*** Block opens ***

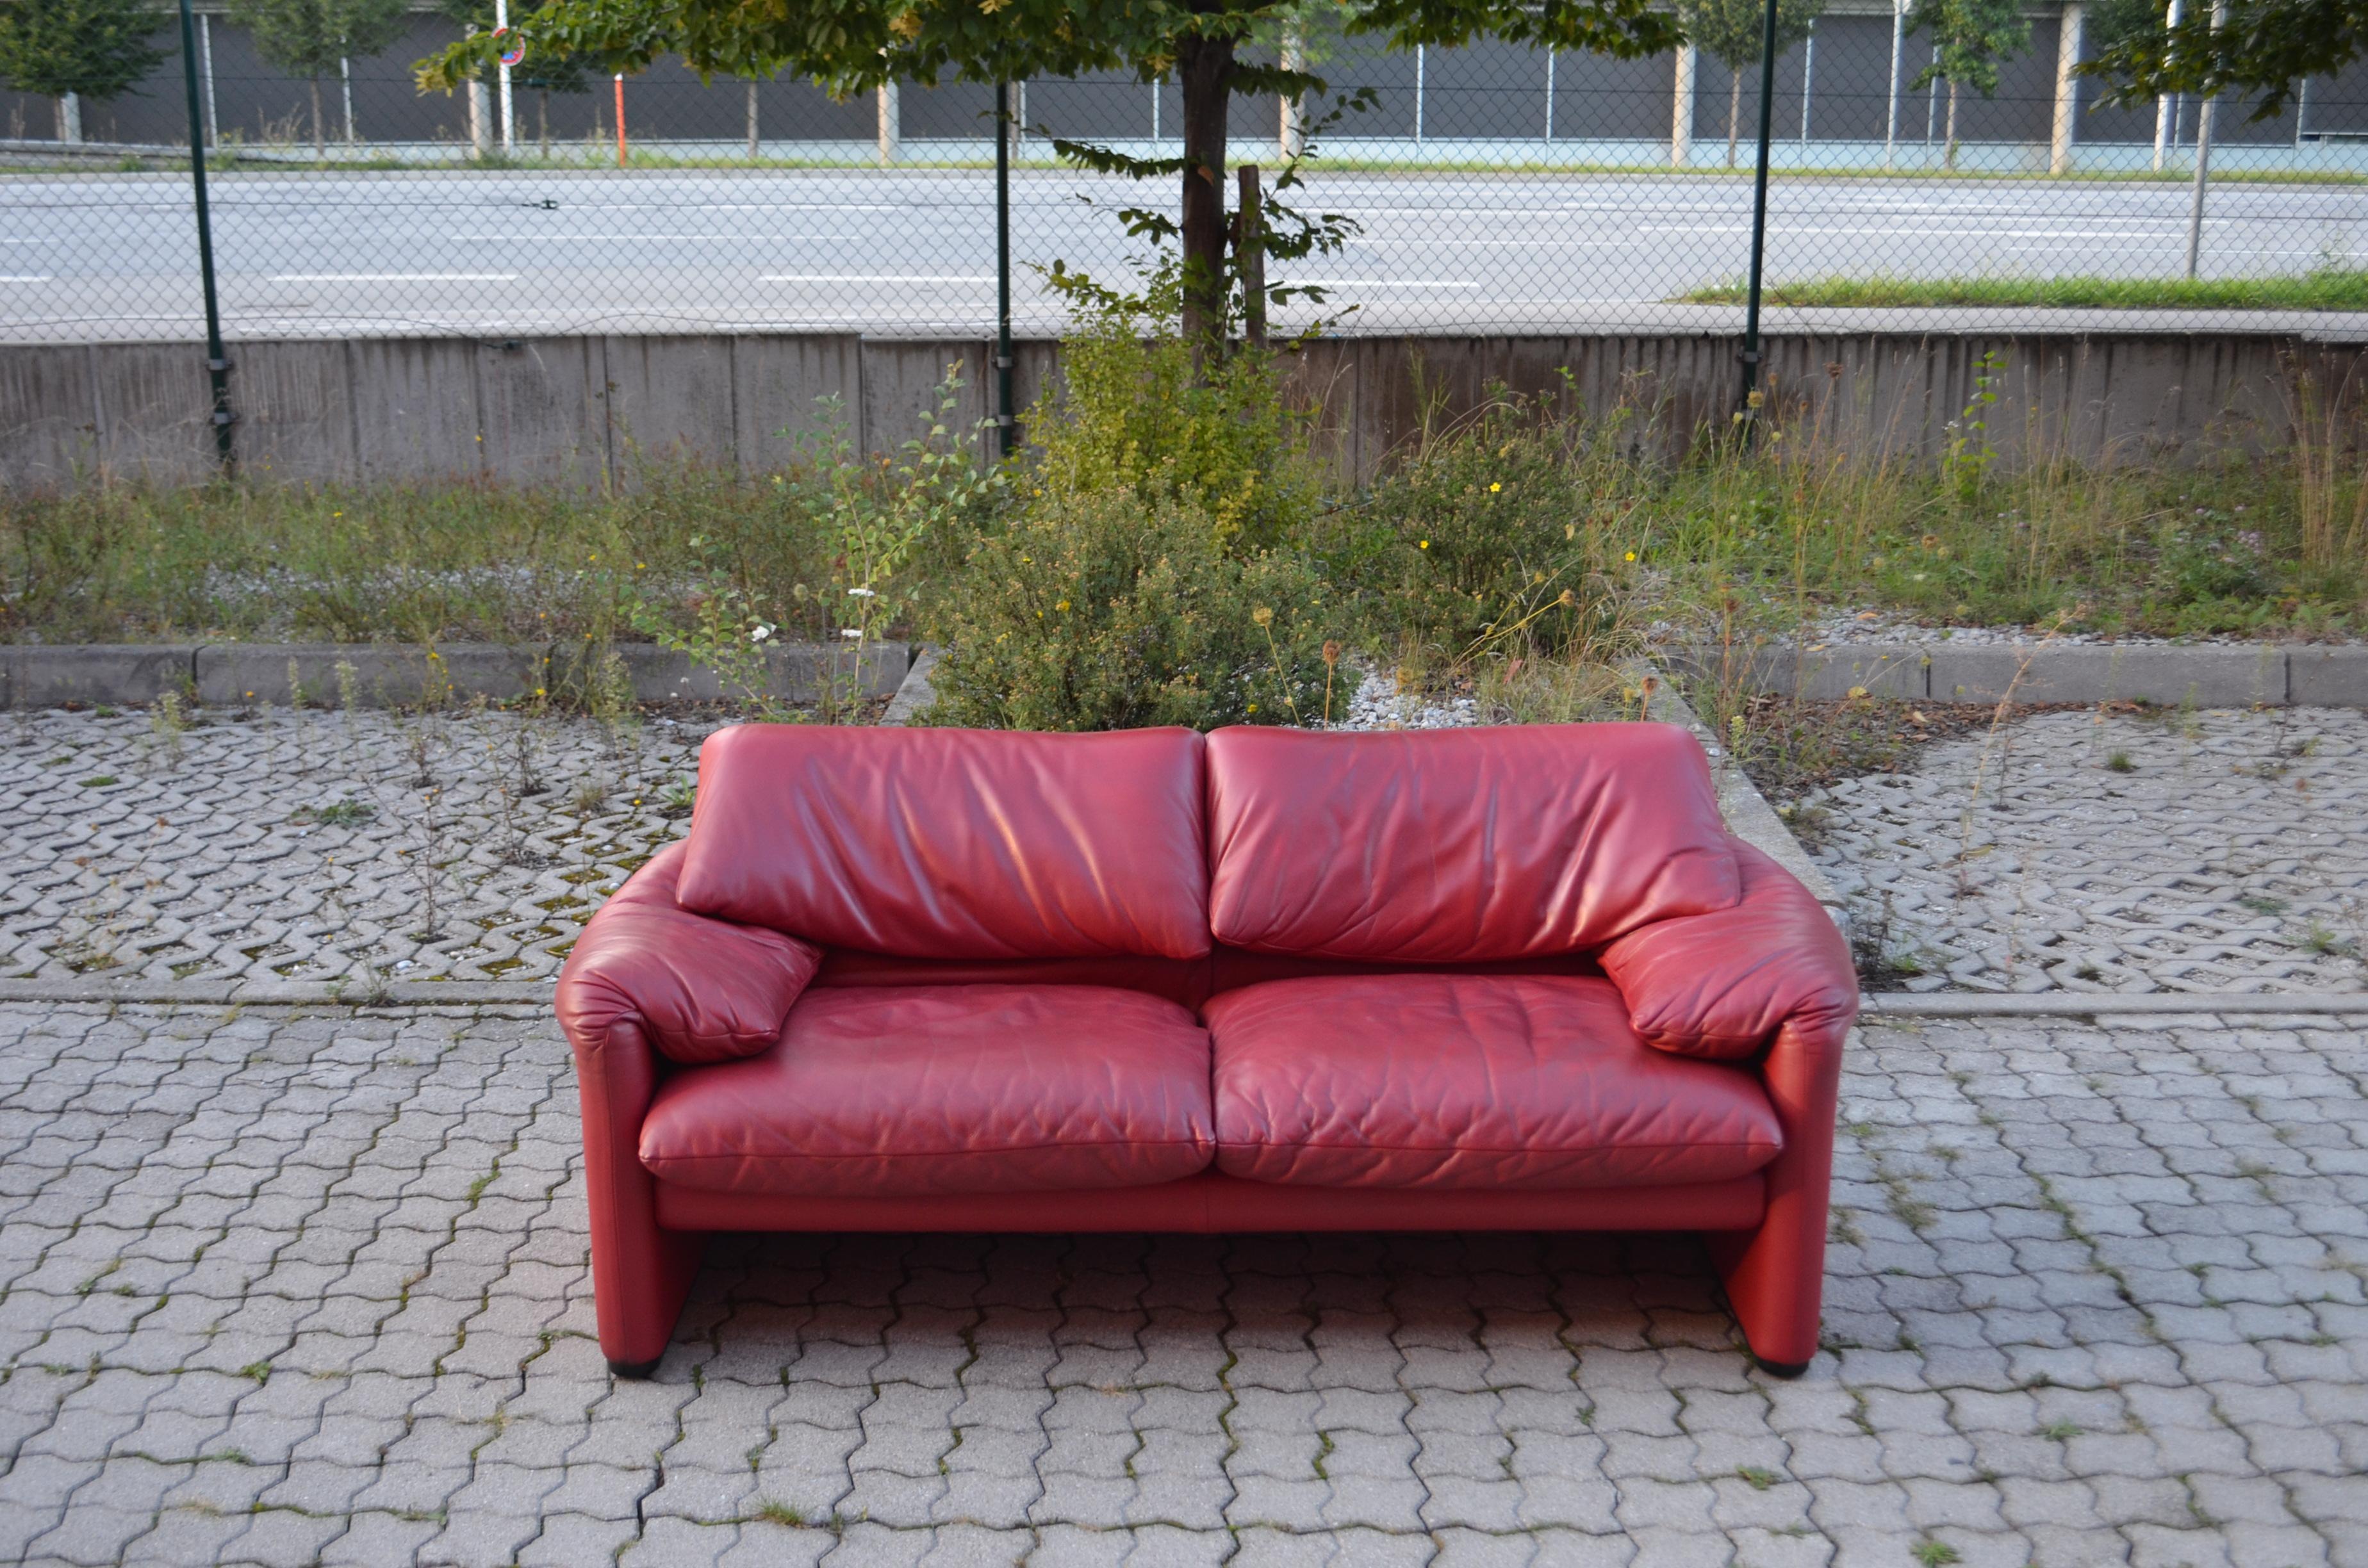 Cassina Modell Maralunga leather sofa
It has a convertible headrest.
The color is a red berry semianiline leather.
Great patina.
A classic Italian masterpiece with high comfort made by Vico Magistretti.

*** Block closes ***

* THE TASK: Each of the entries above must be copied exactly, but the pictures stay out.

* FINISHED TASK:
 Cassina Modell Maralunga leather sofa
It has a convertible headrest.
The color is a red berry semianiline leather.
Great patina.
A classic Italian masterpiece with high comfort made by Vico Magistretti.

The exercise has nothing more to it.